**GIVEN MATERIAL:**
*** Block opens ***
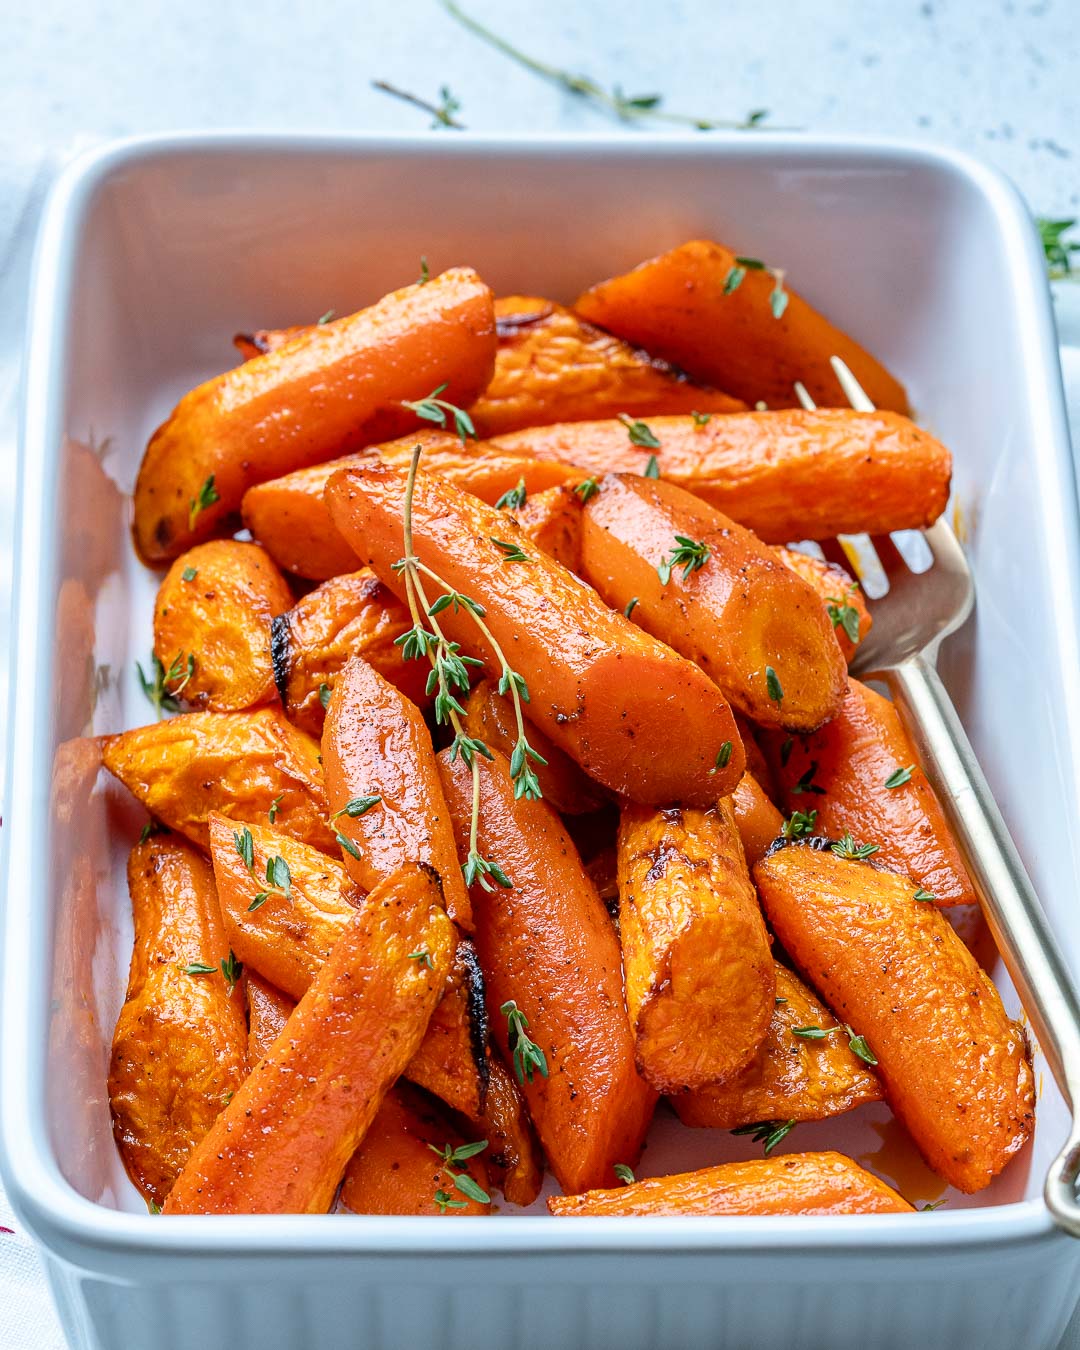 Easy Roasted Carrots for a Healthy Side Dish Idea! | Clean Food Crush
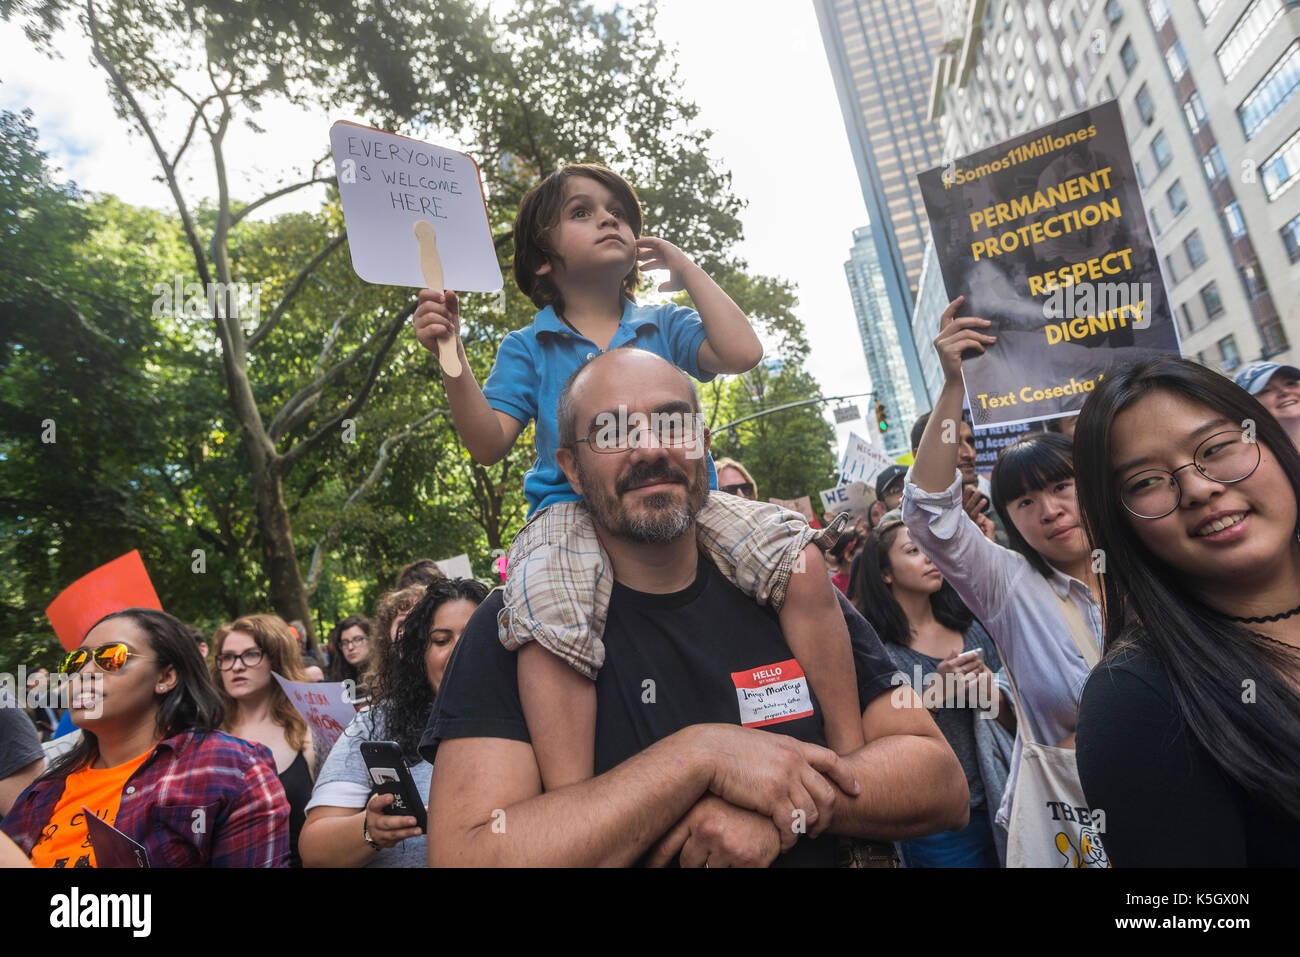 New York, NY 9 September 2017 - Several thousand 'Dreamers, ' the children of undocumented immigrants, and immigration activists gathered outside Trump Hotel and Towers in Columbus Circle, to speak out against an end to DACA (Deferred Action for Childhood Arrivals) after trump's attempts to dismantled. CREDIT: ©Stacy Walsh Rosenstock/Alamy Stock Photo
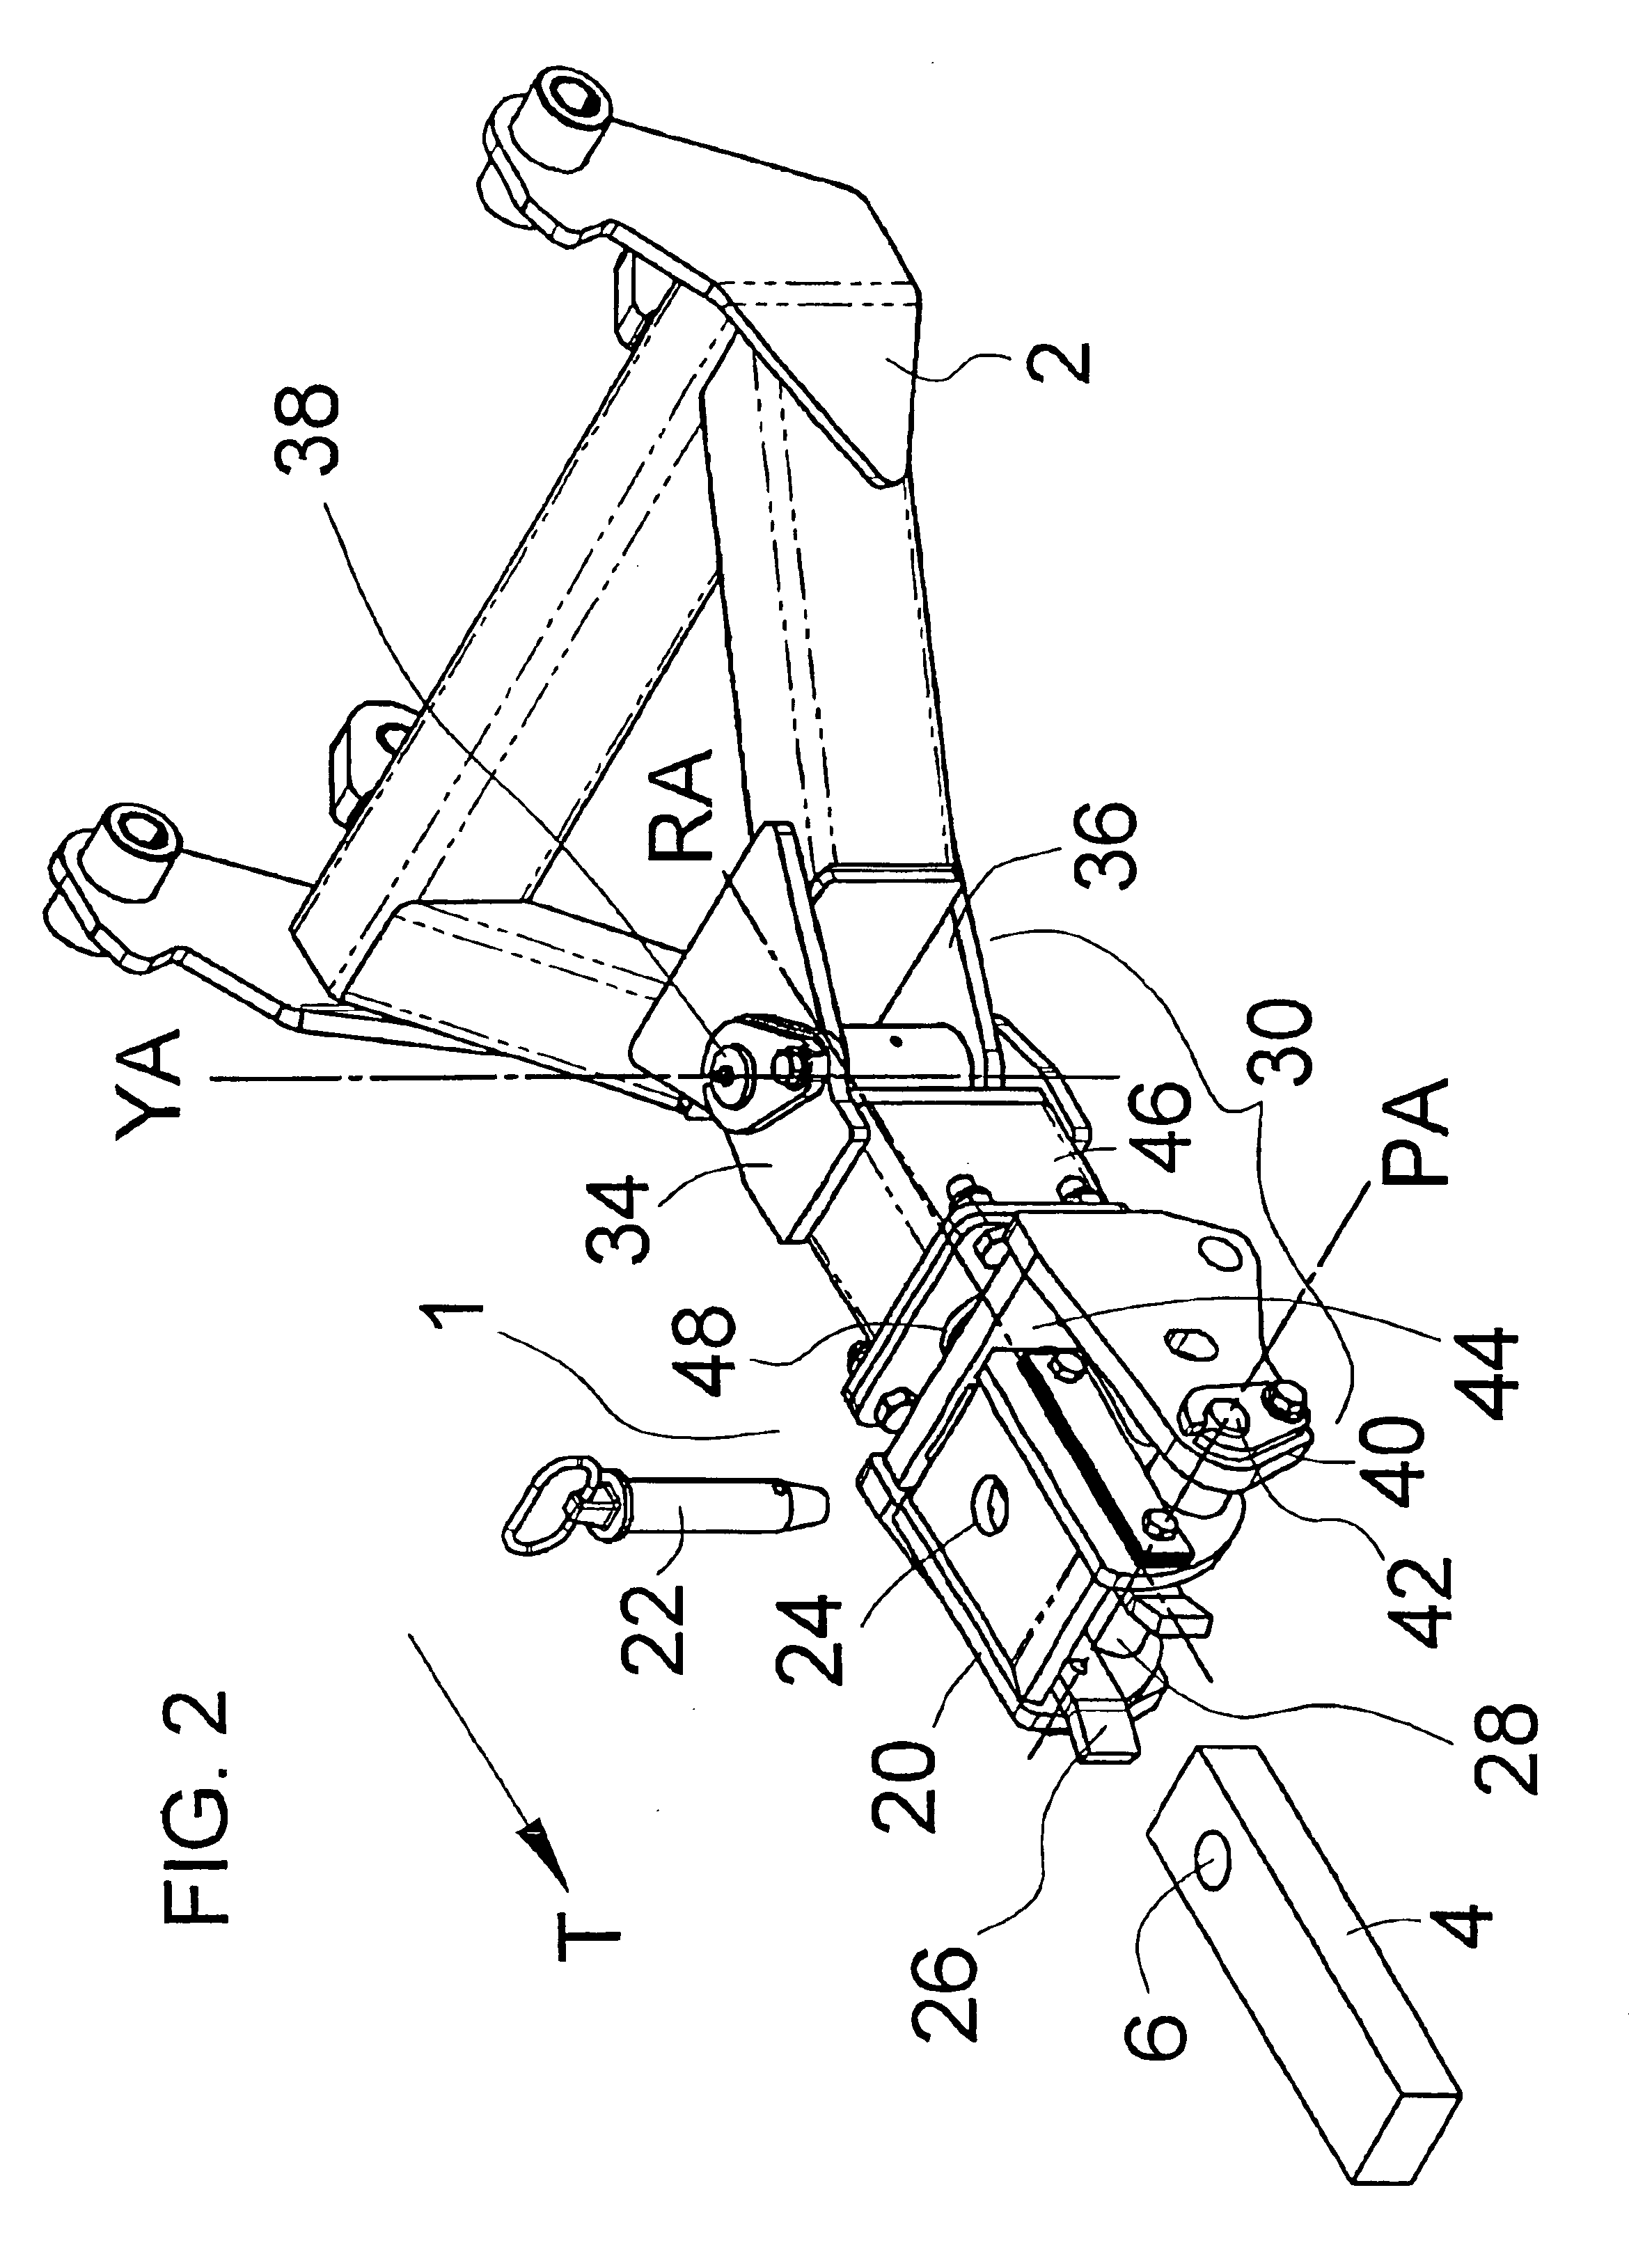 Pivoting implement hitch extension
*** Block closes ***
**WORK ORDER:** From the line containing "New York, NY" to the end of the listing, restate each line word for word and nothing more; the pictures stay out.

**OUTPUT FOR THIS TASK:**
 New York, NY 9 September 2017 - Several thousand 'Dreamers, ' the children of undocumented immigrants, and immigration activists gathered outside Trump Hotel and Towers in Columbus Circle, to speak out against an end to DACA (Deferred Action for Childhood Arrivals) after trump's attempts to dismantled. CREDIT: ©Stacy Walsh Rosenstock/Alamy Stock Photo
 Pivoting implement hitch extension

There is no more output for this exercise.